Le lendemain matin, un cri strident brisa la tranquillité du Palais de la Plume de Phénix.

« Absurde ! » Su Haotian lança un regard noir à son fils bon à rien et le gifla violemment, surprenant tout le monde dans la salle.

« Zhengyang, peux-tu être un peu plus raisonnable ? » L'impératrice était elle aussi impuissante. Avec un fils pareil, quels que soient ses efforts, ce serait probablement peine perdue.

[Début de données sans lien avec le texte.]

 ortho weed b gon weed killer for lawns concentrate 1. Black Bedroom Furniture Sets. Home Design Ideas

Su Zhengyang, quant à lui, restait assis à l'écart, l'air abattu, ignorant superbement leurs réactions. À ses yeux, Leng Yiqing avait pris l'initiative de demander sa liberté

; il estimait donc que seul le divorce pouvait lui garantir une liberté véritable. Il comptait également profiter de cette occasion pour promouvoir Shen Jiaxue à un poste officiel.

« Bien que Qing'er ne soit pas aussi vertueuse que d'autres, elle n'a commis aucune faute grave et ne mérite donc pas d'être répudiée. Par conséquent, Zheng Yang, votre Xue'er ne sera jamais l'épouse principale. Cessez de nourrir de telles pensées perverses ! » L'impératrice s'efforça de ne pas le frapper et parla avec la plus grande douceur.

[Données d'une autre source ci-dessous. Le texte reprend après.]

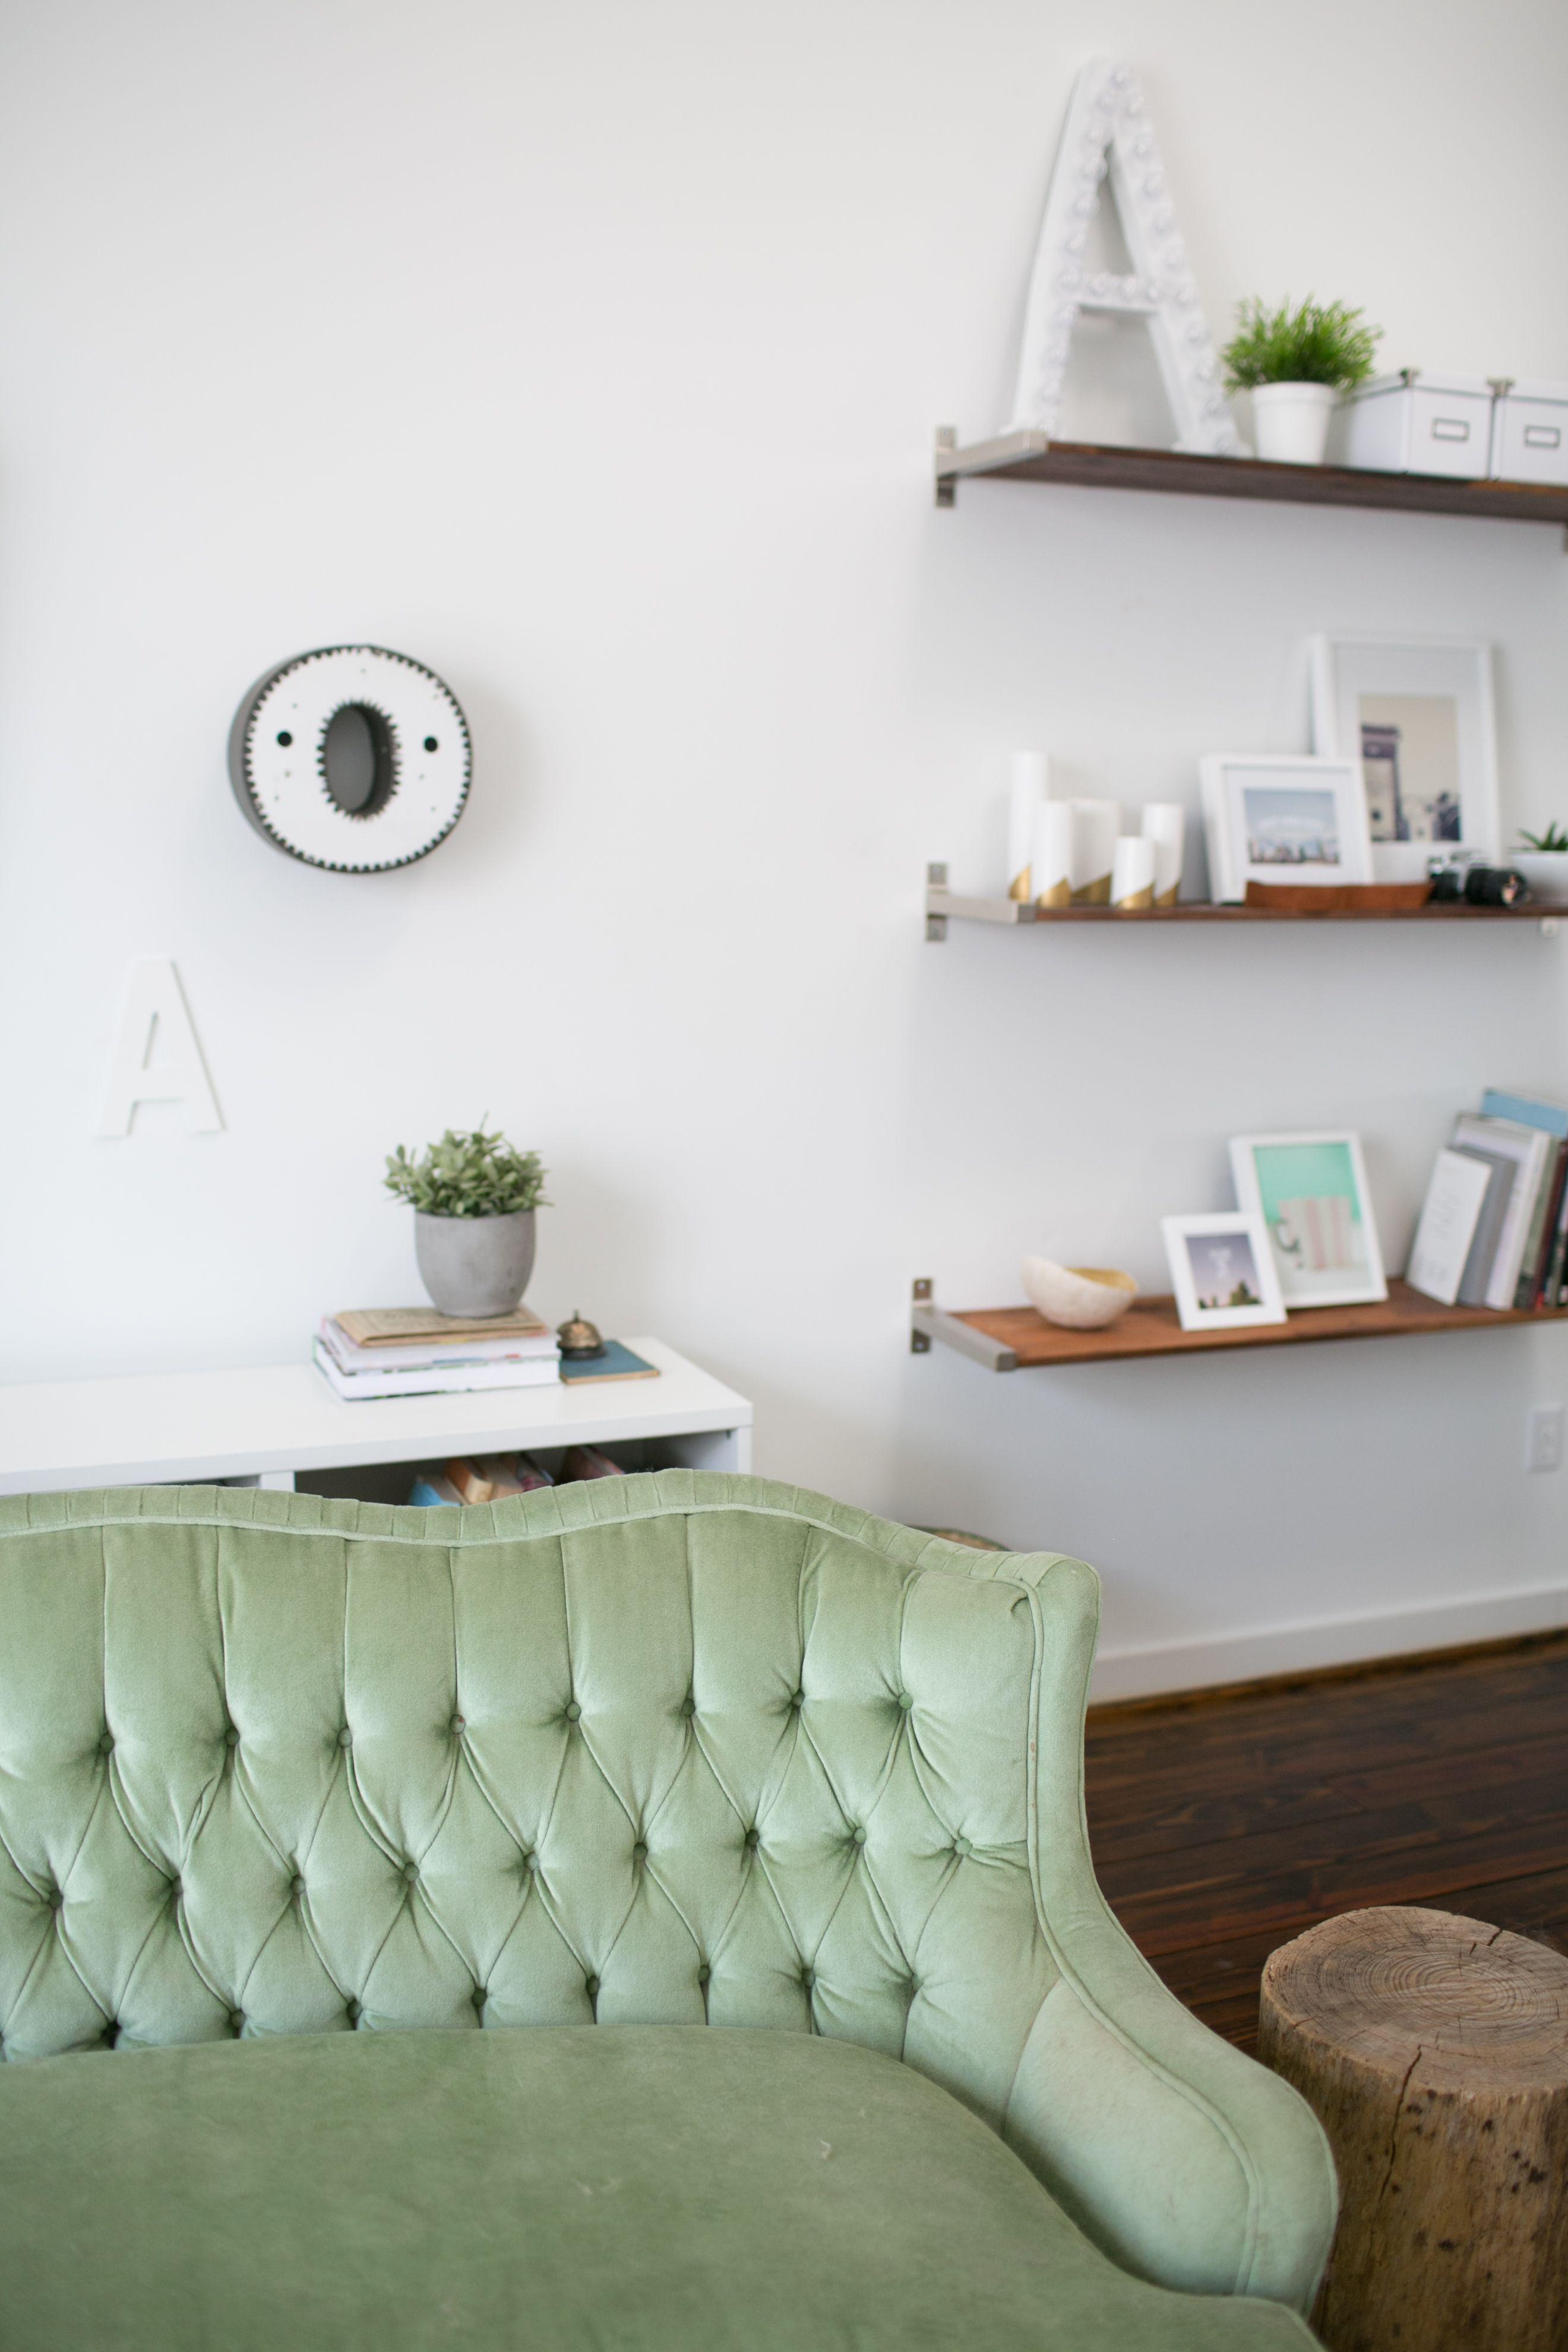 Ashley roses houston townhouse tour living room shelving eclectic

Les prédictions de sa mère s'étaient avérées parfaitement exactes, laissant Su Zhengyang sans voix. Cependant, il avait promis de venir aujourd'hui demander le divorce, et s'il revenait les mains vides, Leng Yiqing se moquerait probablement de lui

; il était donc déterminé à ne pas abandonner.

«

Que je divorce ou non de ma femme ne regarde que moi. Je vous demande votre avis car je respecte vos souhaits. Même si vous n'êtes pas d'accord, je divorcerai

!

» déclara Su Zhengyang d'une traite, prononçant les mots qu'il n'avait jamais osé dire auparavant. Il avait agi ainsi pour ne pas perdre la face devant Leng Yiqing.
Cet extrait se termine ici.